Information provided ▸
-----

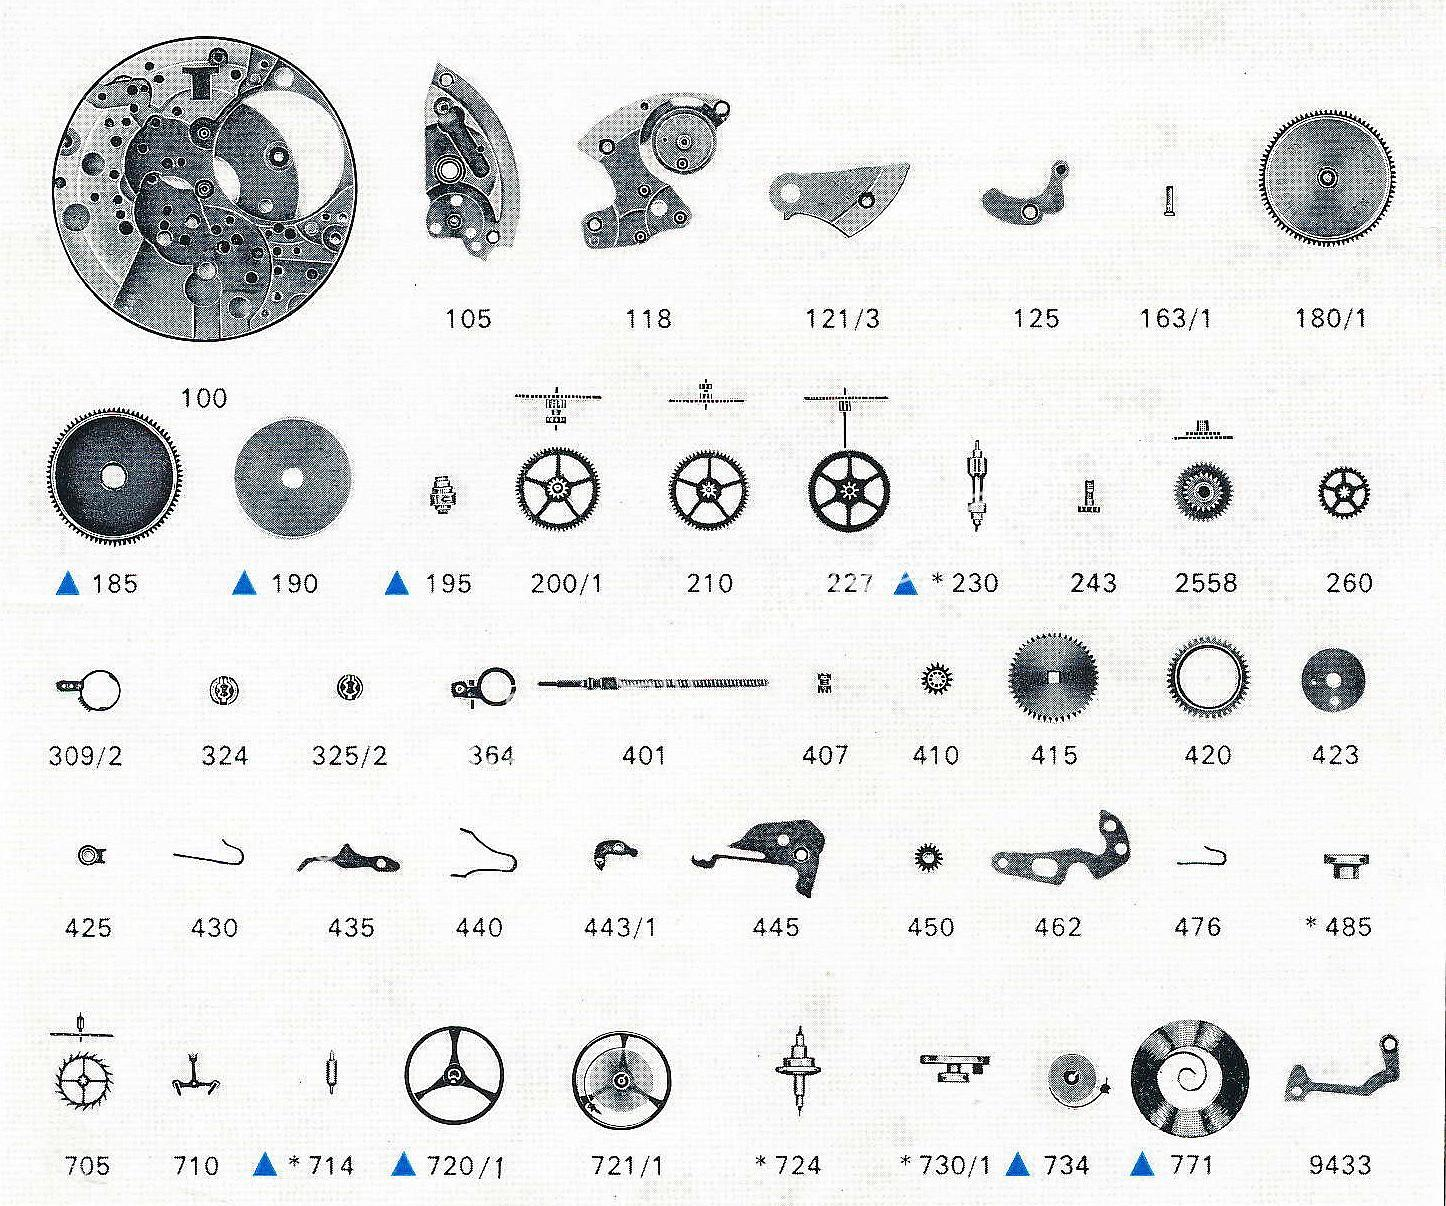 Favre leuba FL 1149 watch parts
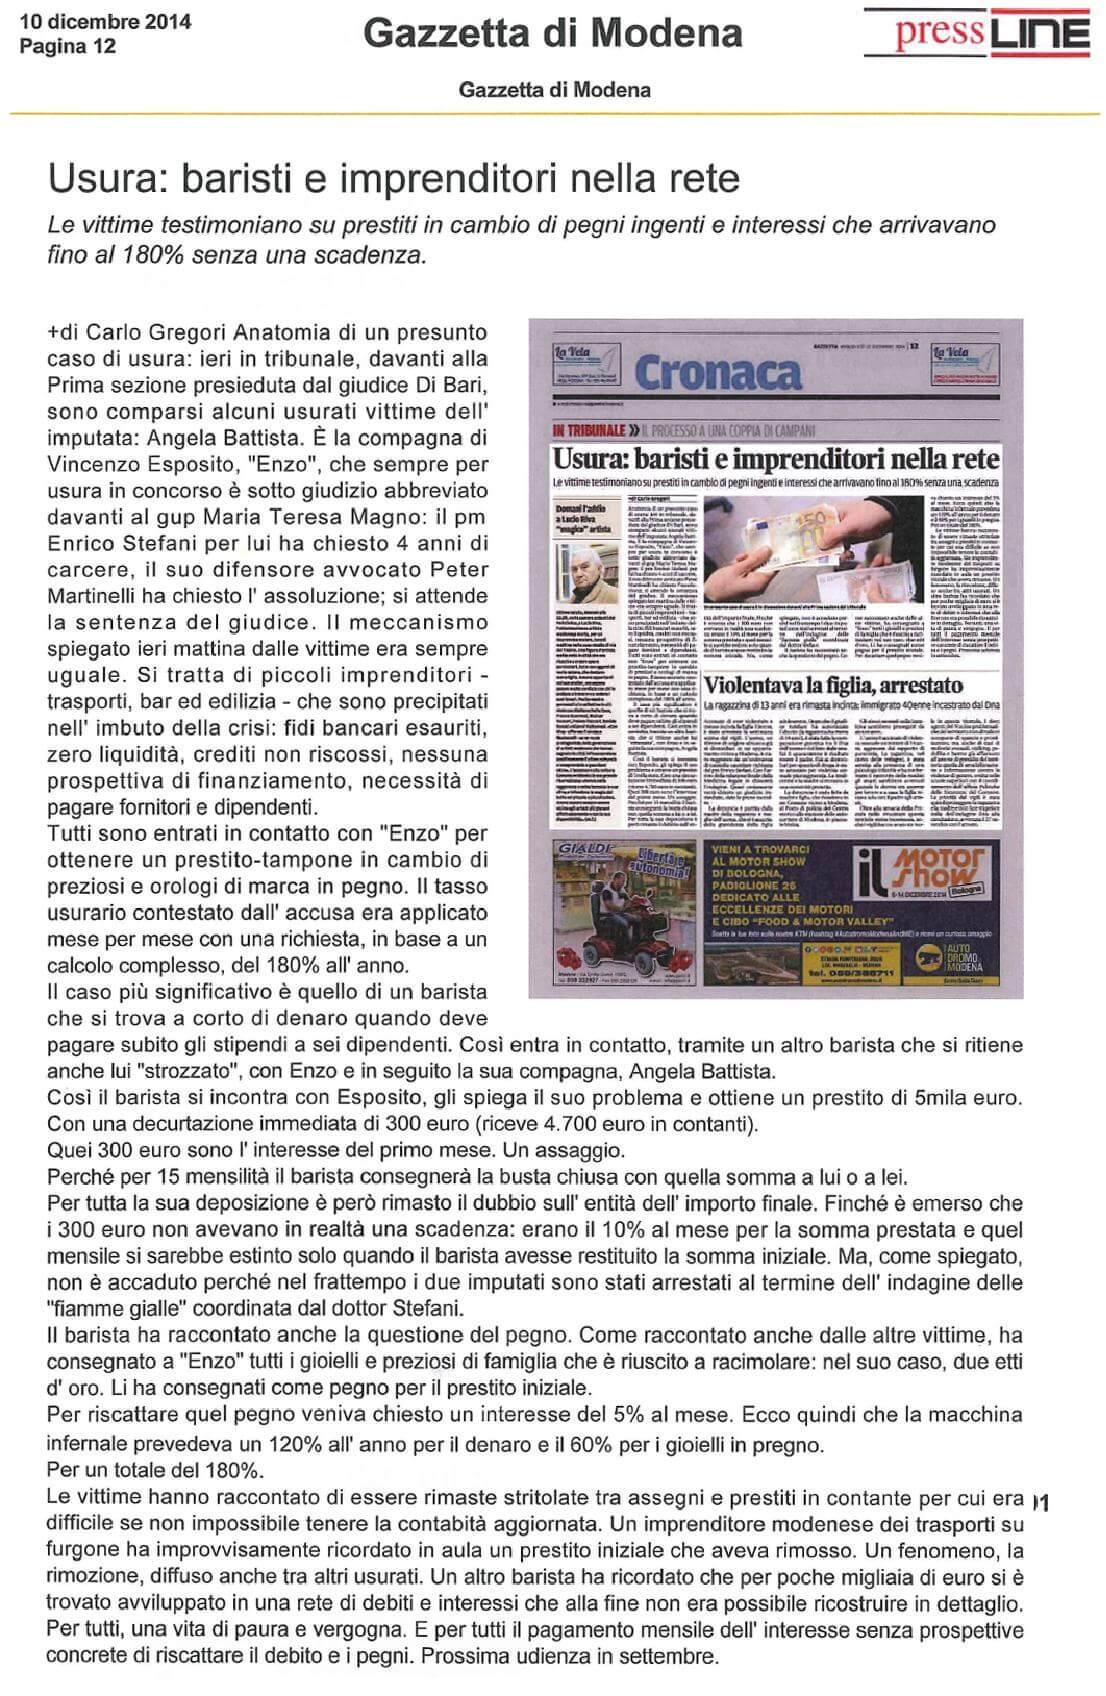 10_12_14_gdm_p12-page-001-1
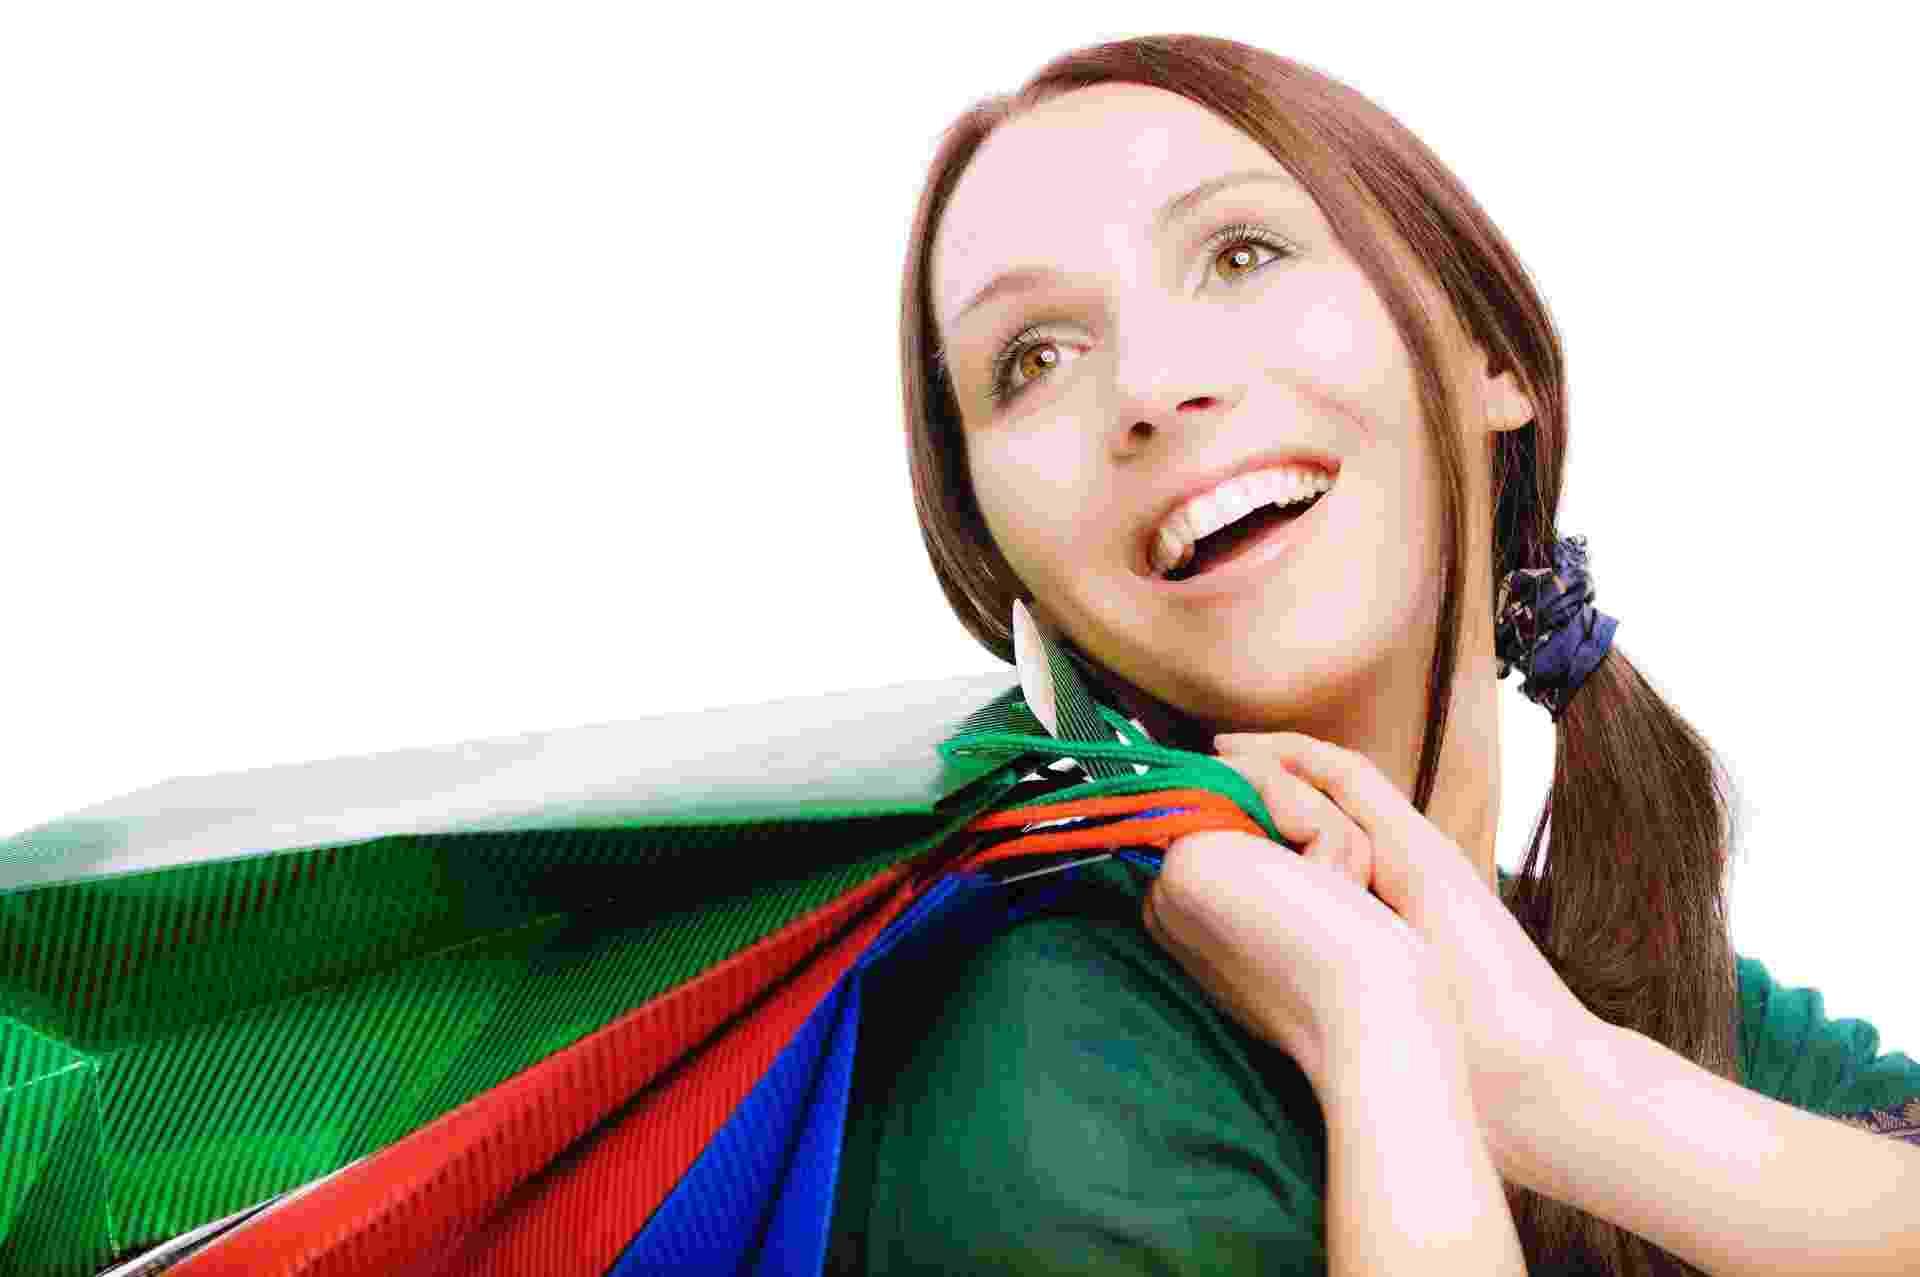 Compras; mulher vai às compras; sacola; shopping; compras compulsivas - Thinkstock

-----

Please restate all of the listing above word for word, with no pictures.

Result of this exercise ▸
 Favre leuba FL 1149 watch parts
 10_12_14_gdm_p12-page-001-1
 Compras; mulher vai às compras; sacola; shopping; compras compulsivas - Thinkstock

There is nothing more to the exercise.